My jaw dropped recently when I walked into a dimly lit bar in Causeway Bay and was confronted by a giant Adolf Hitler. Stunned, I turned to two women sitting at a nearby table and asked, “Can you believe this?” No, they shook their heads in unison.

As if one mass murderer on the walls wasn’t enough, above them hung another huge face, that of Mao Zedong. I cancelled my toilet visit for fear of coming eyeball-to-eyeball with Pol Pot. Was Stalin lurking in the storeroom?

The Brecht’s Circle bar – named after a work by German playwright Bertolt Brecht – is part of a trend that is all the more frightening in an age of the rising alt-right in the United States and Europe and with our screens dominated by images of spear- and torch-bearing individuals chanting anti-Semitic slogans. A time when the media tells us an American accused of ploughing his car into a crowd protesting against a white supremacist rally, killing one, is a fan of the German dictator. A time when the “leader of the free world” voices support for such evil groups.

But the casual embrace of Nazi imagery and its use in pop culture and clothing is “a thing”. There is even a name for it – Nazi chic – and it’s popular in Asia. It’s not just the swastika, which was a Hindu and Buddhist symbol long before it became associated with Nazi Germany, that’s being used, but other emblems of the Third Reich: uniforms, flags and gestures.

Hong Kong has been guilty of this before. In 2003, local fashion brand Izzue came under fire for using symbols of Nazism, including swastikas, banners and propaganda, on its clothing as a motif. Last year, Sony Music was forced to apologise after Japanese girl band Keyakizaka46 performed in outfits modelled on uniforms of Hitler’s Waffen-SS. In Indonesia, the Soldatenkaffee cafe was slated for its Nazi-memorabilia decor. And in Taiwan, a principal was forced to resign when a school staged a mock parade – complete with students giving the Hitler salute. Don’t even get me started on Thailand.

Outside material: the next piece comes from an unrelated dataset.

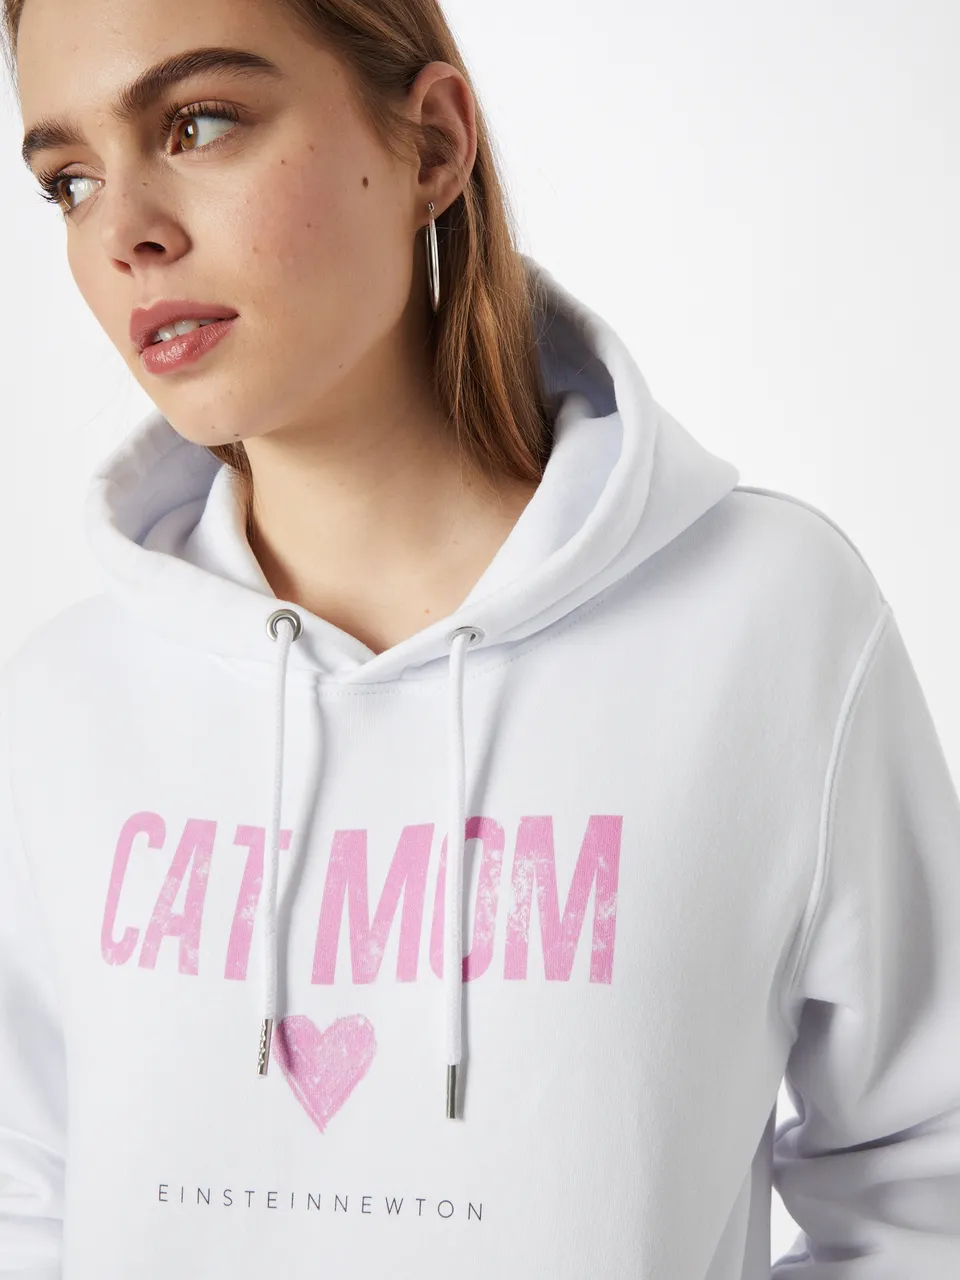 Sweatshirt 'Cat Mom'
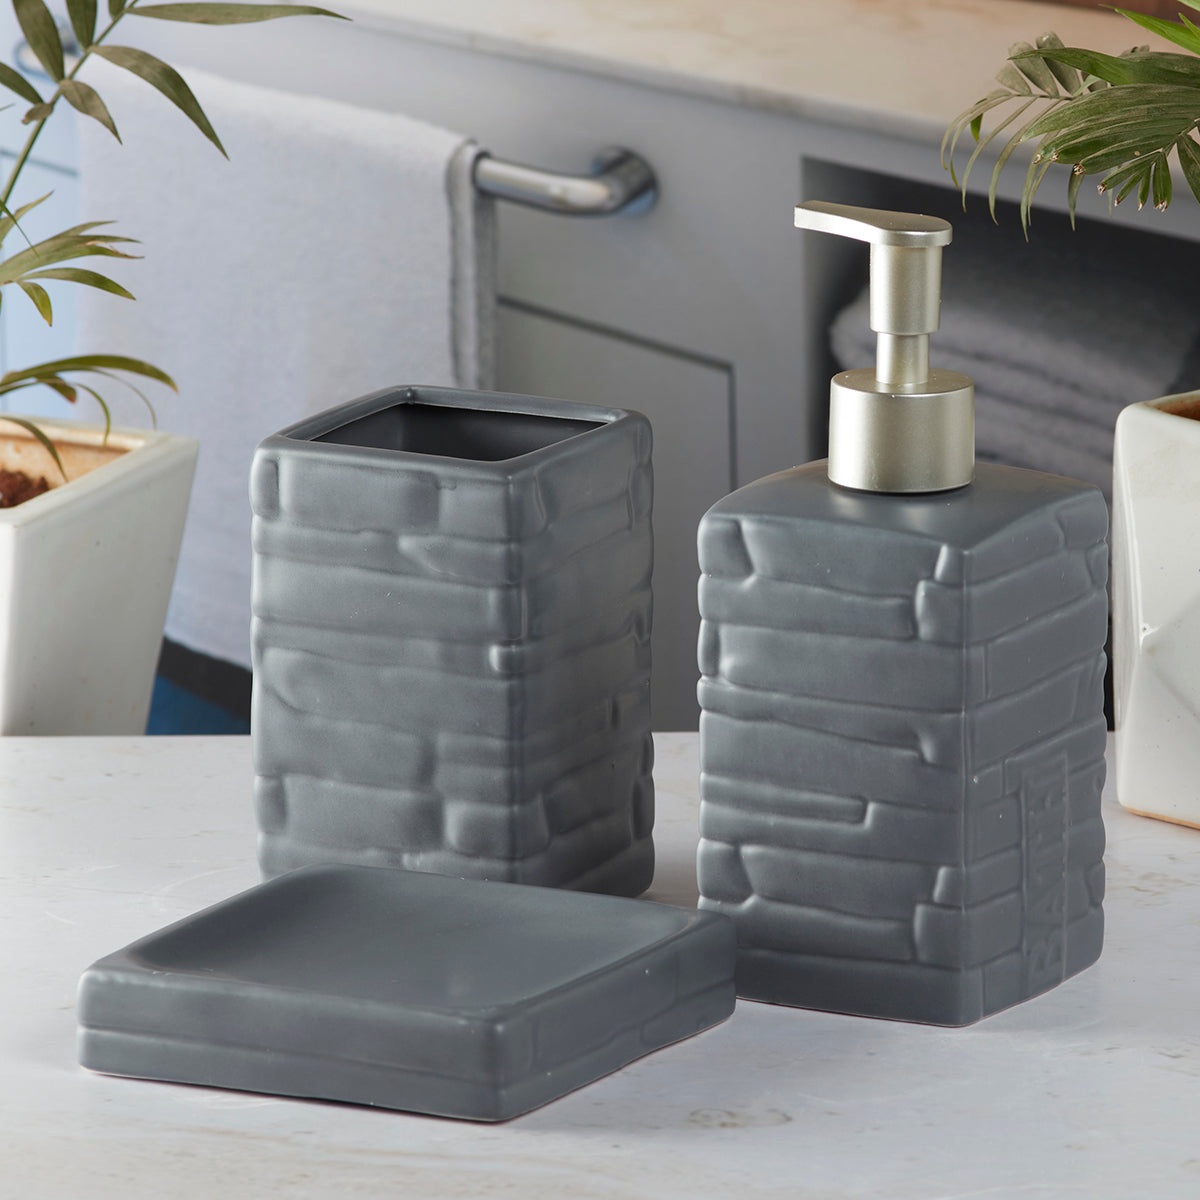 Ceramic Bathroom Accessories Set of 3 Bath Set with Soap Dispenser (8060)

Izzue apologises for Nazi-theme clothing

Ignorance of history is a lame excuse. All of us, regardless of nationality, have a responsibility to know what Hitler and Stalin did, about the crimes perpetrated by Pol Pot in Cambodia and the evil of Mao in China.

As philosopher George Santayana observed, those who do not remember the past are condemned to repeat it.